[Items listed in a dataset]

-- -- --

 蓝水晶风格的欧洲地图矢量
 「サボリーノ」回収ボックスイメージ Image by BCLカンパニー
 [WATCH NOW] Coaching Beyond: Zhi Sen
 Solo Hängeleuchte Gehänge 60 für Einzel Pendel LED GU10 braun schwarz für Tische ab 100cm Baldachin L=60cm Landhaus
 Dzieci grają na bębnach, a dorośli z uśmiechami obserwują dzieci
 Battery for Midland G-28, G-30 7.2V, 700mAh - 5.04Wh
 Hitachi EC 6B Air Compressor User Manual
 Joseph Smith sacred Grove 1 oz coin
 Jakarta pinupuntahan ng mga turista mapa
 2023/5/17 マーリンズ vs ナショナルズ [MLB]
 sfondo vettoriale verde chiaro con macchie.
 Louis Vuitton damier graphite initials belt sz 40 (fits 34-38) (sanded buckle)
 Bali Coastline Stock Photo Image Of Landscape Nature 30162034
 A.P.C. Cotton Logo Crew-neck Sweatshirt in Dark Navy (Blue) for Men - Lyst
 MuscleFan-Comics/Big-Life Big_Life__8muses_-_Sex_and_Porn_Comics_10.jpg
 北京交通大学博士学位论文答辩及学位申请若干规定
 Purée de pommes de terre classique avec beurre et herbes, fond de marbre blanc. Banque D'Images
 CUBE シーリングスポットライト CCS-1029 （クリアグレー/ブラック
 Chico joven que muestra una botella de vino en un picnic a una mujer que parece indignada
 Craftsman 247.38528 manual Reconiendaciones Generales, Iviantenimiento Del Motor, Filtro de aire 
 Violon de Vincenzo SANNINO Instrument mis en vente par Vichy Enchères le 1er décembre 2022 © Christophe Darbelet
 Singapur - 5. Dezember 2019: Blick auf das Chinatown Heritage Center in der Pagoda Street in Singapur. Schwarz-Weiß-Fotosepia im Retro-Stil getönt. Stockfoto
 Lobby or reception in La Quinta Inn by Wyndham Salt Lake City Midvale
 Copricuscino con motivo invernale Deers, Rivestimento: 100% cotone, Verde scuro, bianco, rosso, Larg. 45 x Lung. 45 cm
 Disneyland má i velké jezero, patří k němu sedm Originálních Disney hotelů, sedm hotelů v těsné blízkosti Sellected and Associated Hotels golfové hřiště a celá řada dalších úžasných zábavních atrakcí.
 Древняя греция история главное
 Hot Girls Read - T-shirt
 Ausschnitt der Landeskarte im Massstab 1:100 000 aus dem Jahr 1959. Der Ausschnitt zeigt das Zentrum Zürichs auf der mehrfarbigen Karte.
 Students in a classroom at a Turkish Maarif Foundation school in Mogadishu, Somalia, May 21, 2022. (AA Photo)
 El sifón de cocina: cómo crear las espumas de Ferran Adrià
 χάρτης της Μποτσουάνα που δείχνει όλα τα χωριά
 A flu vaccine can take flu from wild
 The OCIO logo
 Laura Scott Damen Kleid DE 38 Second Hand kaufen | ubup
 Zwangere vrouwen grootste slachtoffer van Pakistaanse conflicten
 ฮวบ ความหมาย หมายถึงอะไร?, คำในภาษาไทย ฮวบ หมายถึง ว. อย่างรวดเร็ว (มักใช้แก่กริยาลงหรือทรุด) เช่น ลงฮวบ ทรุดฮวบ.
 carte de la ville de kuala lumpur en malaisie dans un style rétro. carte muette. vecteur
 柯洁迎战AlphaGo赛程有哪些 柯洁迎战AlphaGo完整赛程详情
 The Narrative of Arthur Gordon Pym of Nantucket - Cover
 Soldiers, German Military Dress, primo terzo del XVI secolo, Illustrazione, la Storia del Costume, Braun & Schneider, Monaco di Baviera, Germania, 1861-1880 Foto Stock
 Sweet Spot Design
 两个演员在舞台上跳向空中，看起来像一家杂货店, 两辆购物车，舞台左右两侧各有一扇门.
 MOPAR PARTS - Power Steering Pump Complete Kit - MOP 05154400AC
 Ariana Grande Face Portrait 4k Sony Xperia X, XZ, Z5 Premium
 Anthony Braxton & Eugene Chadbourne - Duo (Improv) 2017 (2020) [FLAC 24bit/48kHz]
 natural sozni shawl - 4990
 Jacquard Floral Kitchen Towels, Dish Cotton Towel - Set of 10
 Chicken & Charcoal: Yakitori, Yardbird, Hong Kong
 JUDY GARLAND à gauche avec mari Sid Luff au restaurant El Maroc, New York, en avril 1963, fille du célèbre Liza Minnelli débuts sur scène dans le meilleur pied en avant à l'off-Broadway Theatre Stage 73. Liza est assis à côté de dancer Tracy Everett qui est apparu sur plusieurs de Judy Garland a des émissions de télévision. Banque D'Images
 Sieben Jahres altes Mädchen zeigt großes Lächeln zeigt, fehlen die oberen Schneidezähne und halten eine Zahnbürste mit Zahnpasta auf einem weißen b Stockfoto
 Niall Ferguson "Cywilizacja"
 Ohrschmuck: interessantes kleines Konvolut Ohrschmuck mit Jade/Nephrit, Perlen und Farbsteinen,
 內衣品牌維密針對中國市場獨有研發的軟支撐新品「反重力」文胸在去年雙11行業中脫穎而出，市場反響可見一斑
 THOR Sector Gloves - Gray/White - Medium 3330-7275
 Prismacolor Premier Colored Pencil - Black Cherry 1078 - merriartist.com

-- -- --

ABOUT THIS EXERCISE: Up to and including the line with "Hot Girls Read - T-shirt", write out the records above exactly, starting from their first line.

YOUR SOLUTION:
 蓝水晶风格的欧洲地图矢量
 「サボリーノ」回収ボックスイメージ Image by BCLカンパニー
 [WATCH NOW] Coaching Beyond: Zhi Sen
 Solo Hängeleuchte Gehänge 60 für Einzel Pendel LED GU10 braun schwarz für Tische ab 100cm Baldachin L=60cm Landhaus
 Dzieci grają na bębnach, a dorośli z uśmiechami obserwują dzieci
 Battery for Midland G-28, G-30 7.2V, 700mAh - 5.04Wh
 Hitachi EC 6B Air Compressor User Manual
 Joseph Smith sacred Grove 1 oz coin
 Jakarta pinupuntahan ng mga turista mapa
 2023/5/17 マーリンズ vs ナショナルズ [MLB]
 sfondo vettoriale verde chiaro con macchie.
 Louis Vuitton damier graphite initials belt sz 40 (fits 34-38) (sanded buckle)
 Bali Coastline Stock Photo Image Of Landscape Nature 30162034
 A.P.C. Cotton Logo Crew-neck Sweatshirt in Dark Navy (Blue) for Men - Lyst
 MuscleFan-Comics/Big-Life Big_Life__8muses_-_Sex_and_Porn_Comics_10.jpg
 北京交通大学博士学位论文答辩及学位申请若干规定
 Purée de pommes de terre classique avec beurre et herbes, fond de marbre blanc. Banque D'Images
 CUBE シーリングスポットライト CCS-1029 （クリアグレー/ブラック
 Chico joven que muestra una botella de vino en un picnic a una mujer que parece indignada
 Craftsman 247.38528 manual Reconiendaciones Generales, Iviantenimiento Del Motor, Filtro de aire 
 Violon de Vincenzo SANNINO Instrument mis en vente par Vichy Enchères le 1er décembre 2022 © Christophe Darbelet
 Singapur - 5. Dezember 2019: Blick auf das Chinatown Heritage Center in der Pagoda Street in Singapur. Schwarz-Weiß-Fotosepia im Retro-Stil getönt. Stockfoto
 Lobby or reception in La Quinta Inn by Wyndham Salt Lake City Midvale
 Copricuscino con motivo invernale Deers, Rivestimento: 100% cotone, Verde scuro, bianco, rosso, Larg. 45 x Lung. 45 cm
 Disneyland má i velké jezero, patří k němu sedm Originálních Disney hotelů, sedm hotelů v těsné blízkosti Sellected and Associated Hotels golfové hřiště a celá řada dalších úžasných zábavních atrakcí.
 Древняя греция история главное
 Hot Girls Read - T-shirt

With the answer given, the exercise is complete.